PROMPT => Write out exactly the lines from the one with "Travel Insurance Infographic" through the last line of the data below, but not the pictures.

SUPPLIED MATERIAL =>
>>>

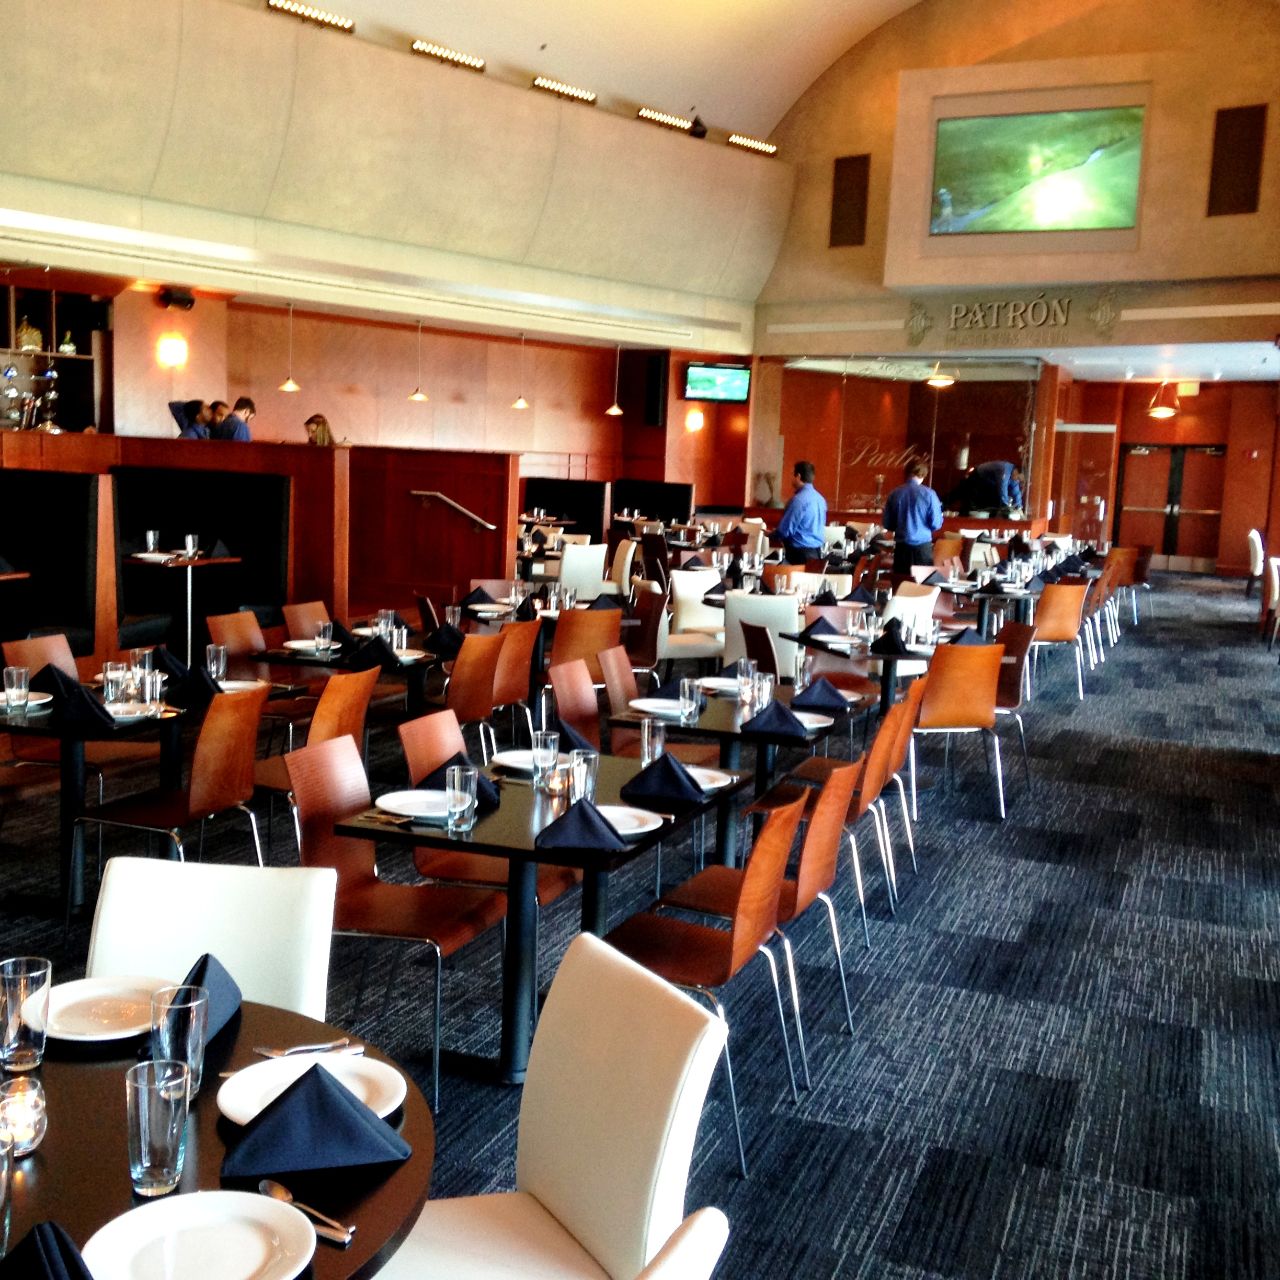 BetMGM Sports Lounge Restaurant - Nashville, TN | OpenTable
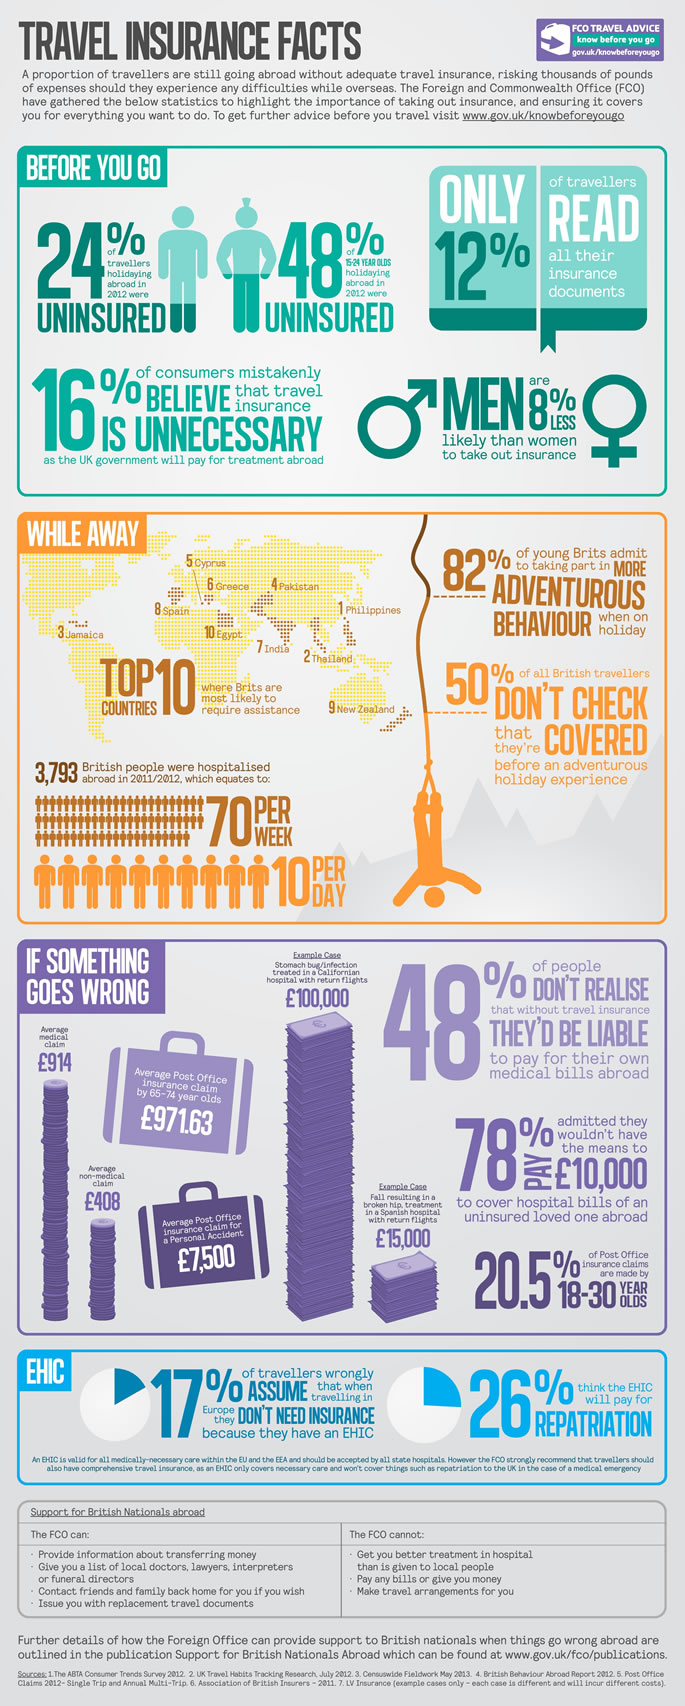 Travel Insurance Infographic
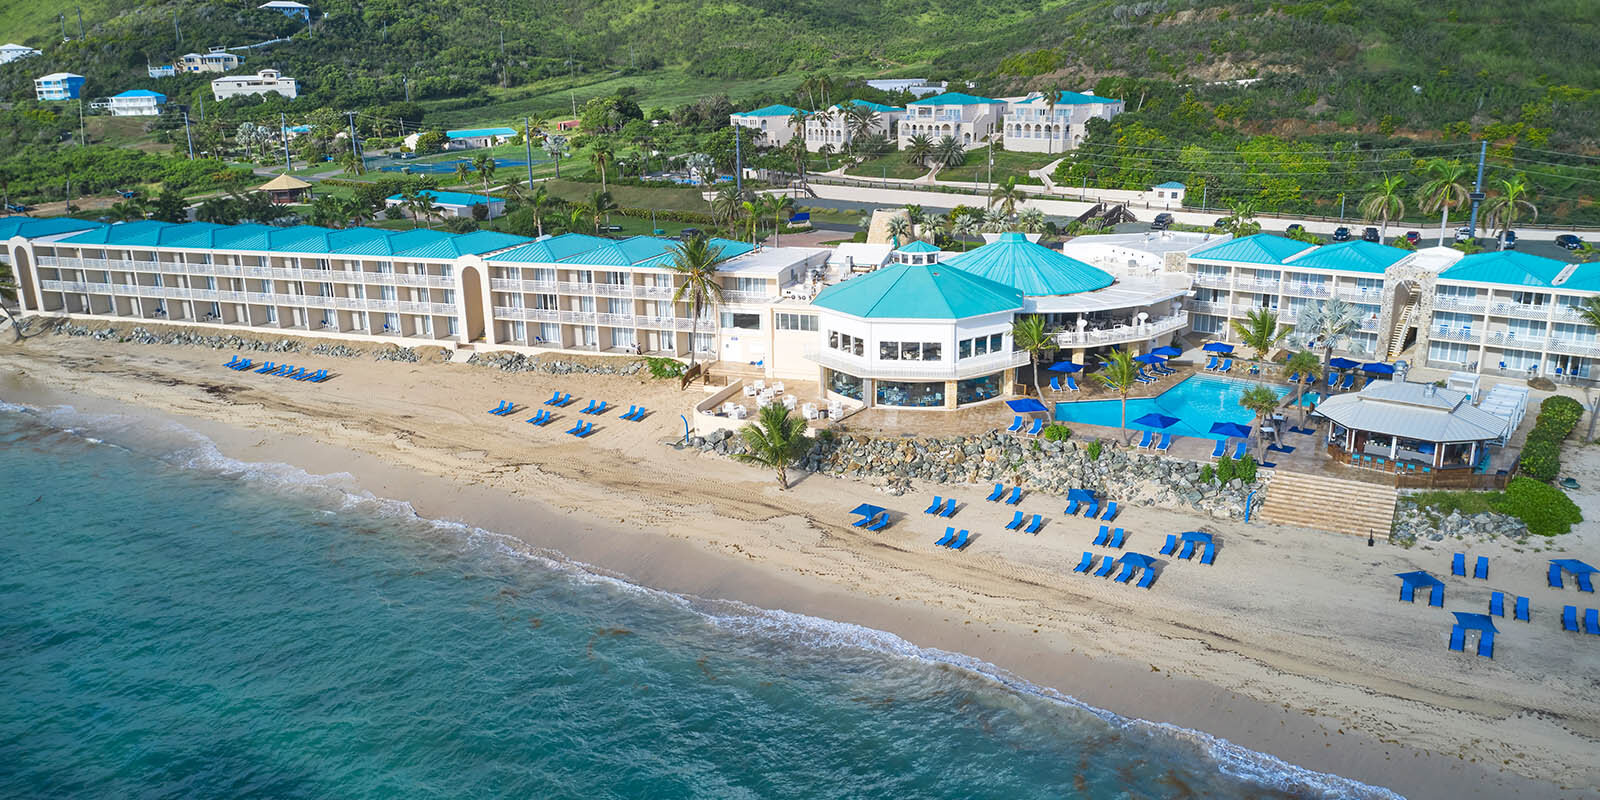 Divi Carina Bay Beach Resort and Casino Virgin Island Resorts pic

<<<

WORKED SOLUTION =>
 Travel Insurance Infographic
 Divi Carina Bay Beach Resort and Casino Virgin Island Resorts pic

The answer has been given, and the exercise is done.